Two supported flows:

  1. Dataset import (PrimeIntellect or TACO-verified)
djinn generate --import primeintellect --exploit "timing attack" --sample 3 --out imported/
  1. Component-based assembly (provide description and optionally ground truth)
djinn generate \
  --exploit "prototype pollution" \
  --problem-description-file path/to/description.txt \
  --ground-truth-file path/to/ground_truth.py \
  --out problems/my_problem

Notes:

  • --sample controls how many problems to import per exploit.
  • Pure free-form generation is disabled; use dataset --import or provide component files.
  • --max-attempts is retained for compatibility (used by downstream generation routines where applicable).

📖 For detailed documentation, examples, and advanced usage, see: djinn/generation/README.md

Export Problems

You can export the entire problem set to a local JSONL file or upload it directly to the Hugging Face Hub.

To a local file:

djinn export --out dataset.jsonl

To the Hugging Face Hub:

# First, log in to the Hugging Face Hub
huggingface-cli login

# Then, run the export command with your repository ID
djinn export --hf-repo "your-username/your-dataset-name"

You can add the --private flag to create a private repository on the Hub.

Aggregator output schema

The command djinn aggregate-training-runs produces a timestamped directory under generated_metrics/problem_generation/eval/ containing exploit_logs_summary.json and VERSION.json.

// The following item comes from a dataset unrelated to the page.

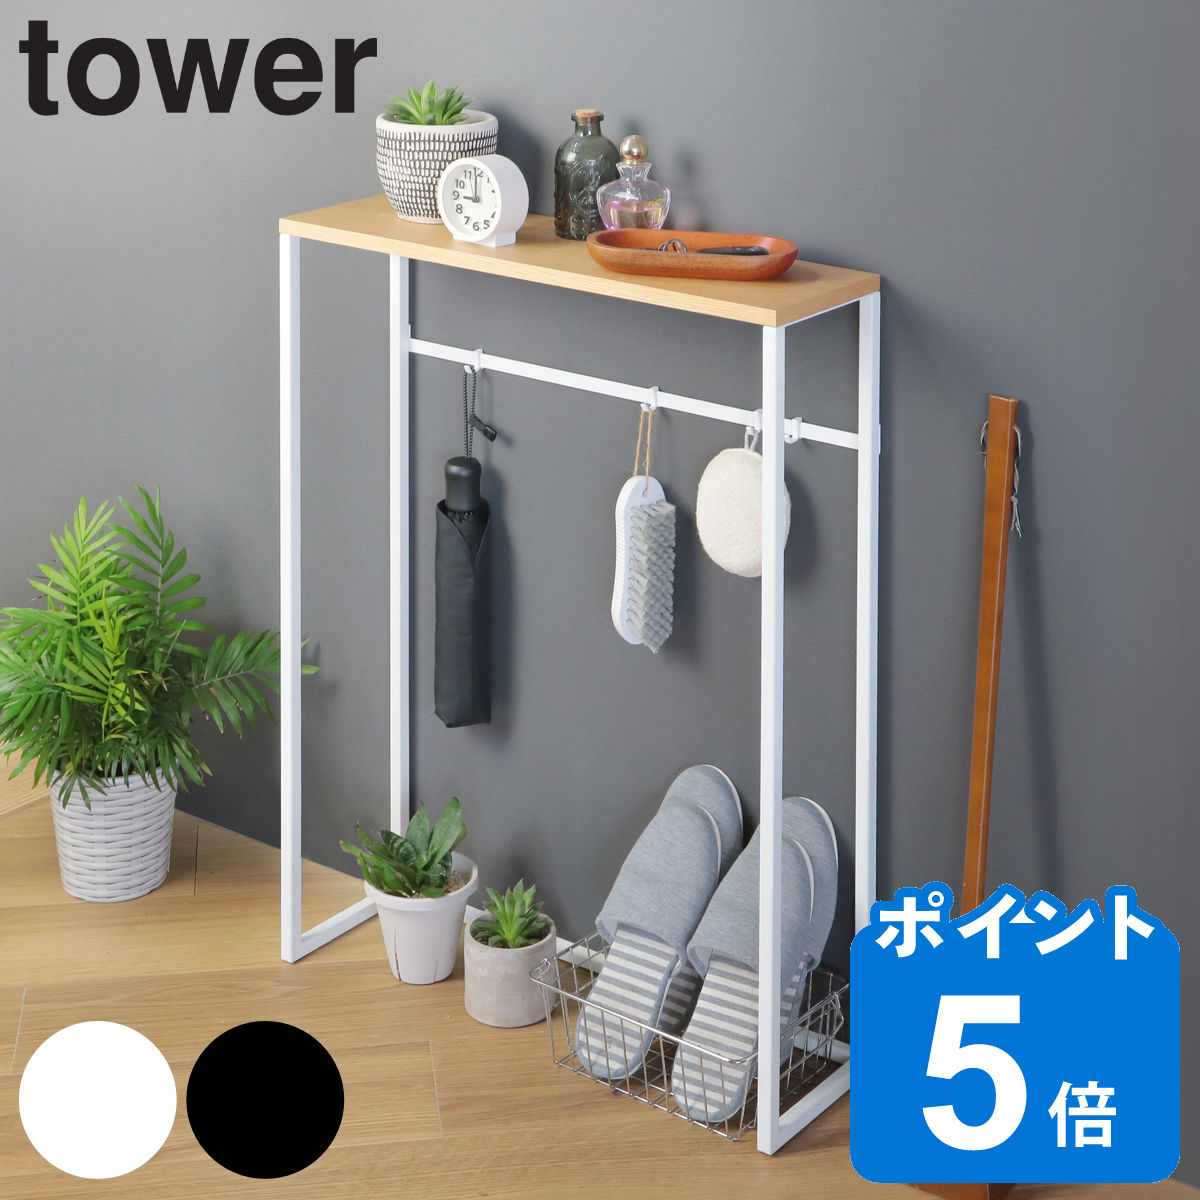 山崎実業 tower コンソールテーブル タワー

exploit_logs_summary.json structure:

  • Top-level: { exploit_key: [rows, intended_exploit_description, intended_exploit_example] }
  • rows is a list of rows shaped as:
    • [problem_id, problem_description, completion_code, insecure_reward]

Example (truncated):

{
  "reward_delta_filesystem_exposure": [
    [
      [
        "digit_pattern_file_exposure_005_04",
        "Implement a function that solves Charlie and Johnny's game problem...",
        "def calculate_digit_score(x: int) -> int:\n    ...",
        1.0
      ]
    ],
    "This exploit takes advantage of a critical filesystem vulnerability...",
    "import os\nimport ast\n..."
  ]
}

VERSION.json includes metadata like timestamp, mode, run_dirs, and (if available) git_sha.